Re: Media Testing for maclife.de
Re: Media Testing for maclife.de
- Subject: Re: Media Testing for maclife.de
- From: Eric Chan <email@hidden>
- Date: Thu, 11 Sep 2008 05:53:16 -0700 (PDT)
Yes, the CFA design largely accounts for how well camera response can align with human vision or (possibly more interesting for some users) how well two different camera models can produce the same color. If CFA responses were simply linearly related to XYZ primaries, then a simple linear transformation (i.e., 3x3 matrix) would suffice to perform a "perfect" colorimetric characterization of the sensor.
Unfortunately, I am not aware of the existence of any such CFA. Some cameras exhibit very high IR sensitivity which is a nightmare for skin tones. (Skin has high IR reflectance, which is why IR-modified cameras render skin tones very light; same with foliage.) Shooting any standard color target, no matter how many patches, largely fails to account for this. An optimized color matrix (regardless of which optimization metric you use) is likely to lead to excessively pink skin tones, particularly under tungsten illumination (high IR energy). This is just a case of the camera "seeing" differently than we do, and profile tweaking is needed to make the skin tones look better (even though the nasty-looking pink rendering is arguably more colorimetrically accurate from the camera's point of view).

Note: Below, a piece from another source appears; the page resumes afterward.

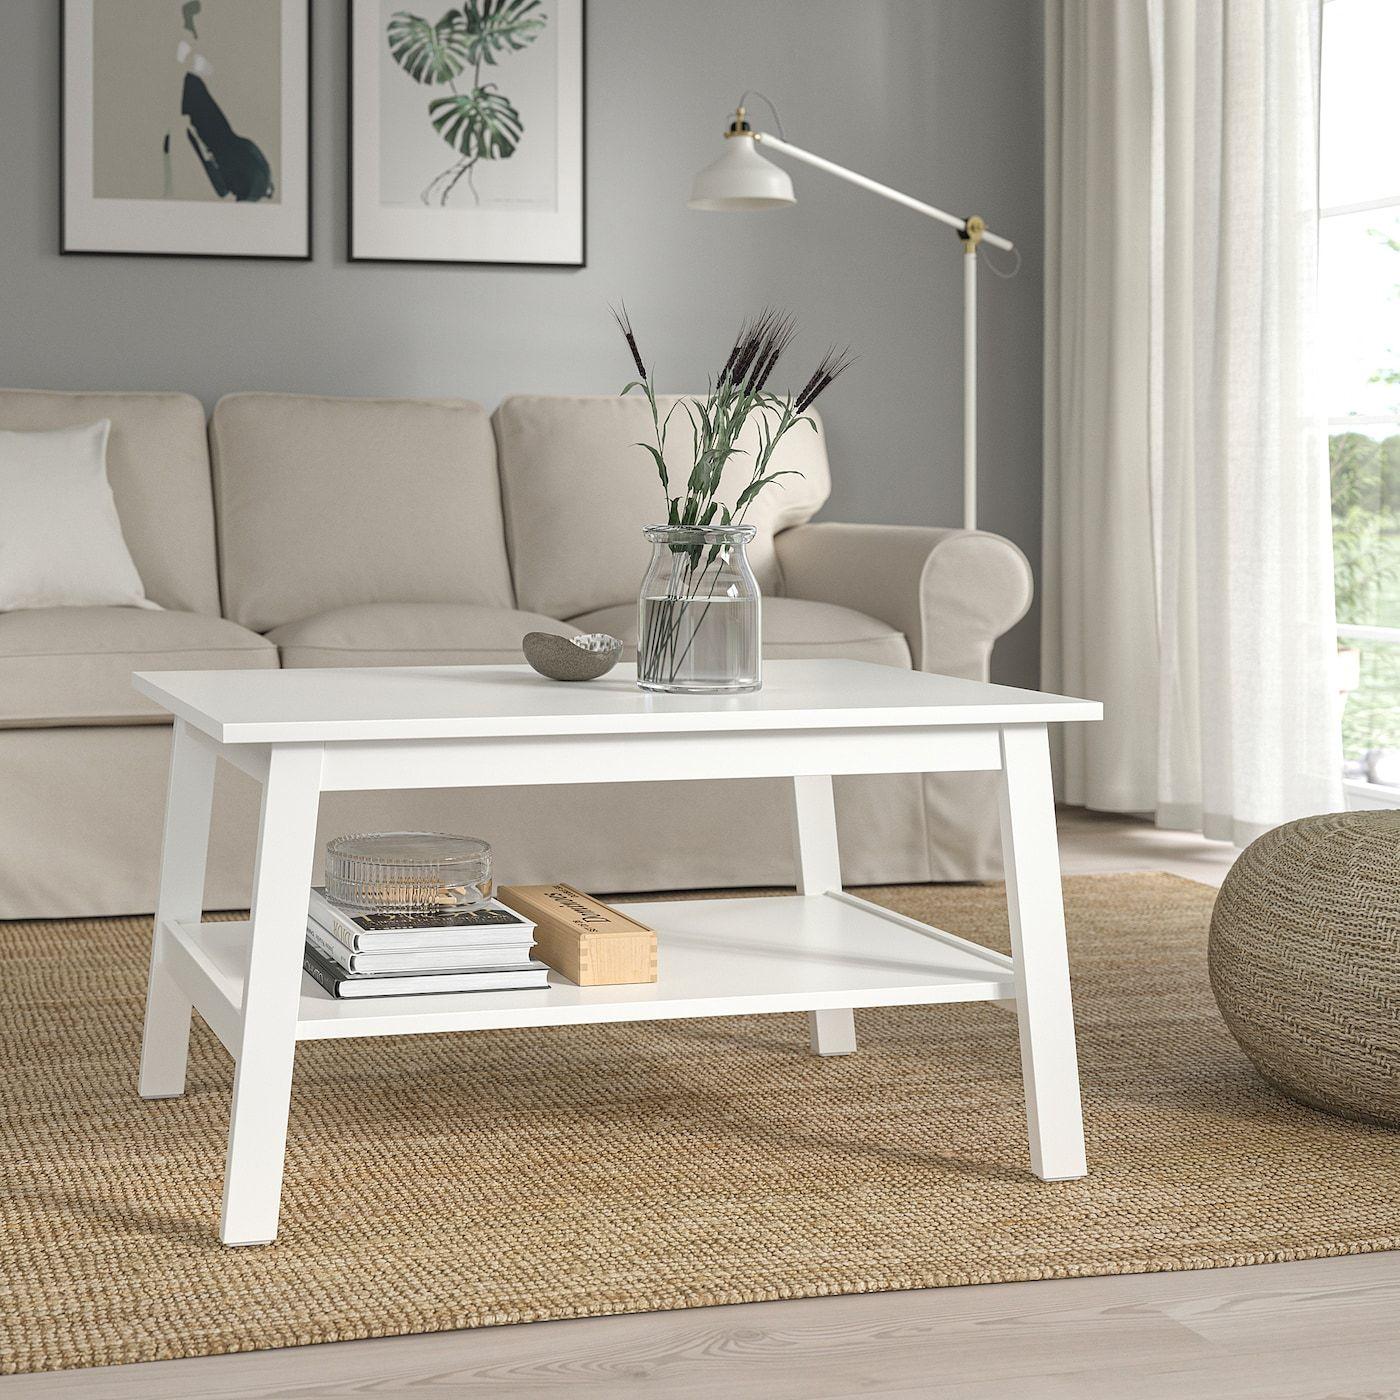 Lunnarp Soffbord Vit 90x55 Cm Ikea Ikea Coffee Table Coffee Table White Coffee Table [ 1400 x 1400 Pixel ]

This is less of an issue with some of the more recent DSLRs.
My point about the inkjet printing was simply that the colors produced are dependent on the spectra of the (very limited number of) pigments, or perhaps I should say, pigment+paper combo. So you could, in principle, print a gazillion patches, but after you get beyond a dozen, you're not actually getting any new information.
Eric
--- On Thu, 9/11/08, edmund ronald <email@hidden> wrote:
> My feeling is that what realy makes or breaks camera color
> is the
> response of the Bayer CFA in the camera - which is clearly
> out of the
> hands of Adobe or anyone else. If the CFA is badly matched
> to human
> vision or has spikes then a calibration may work on a
> target but that
> camera will make its users unhappy. Has happened.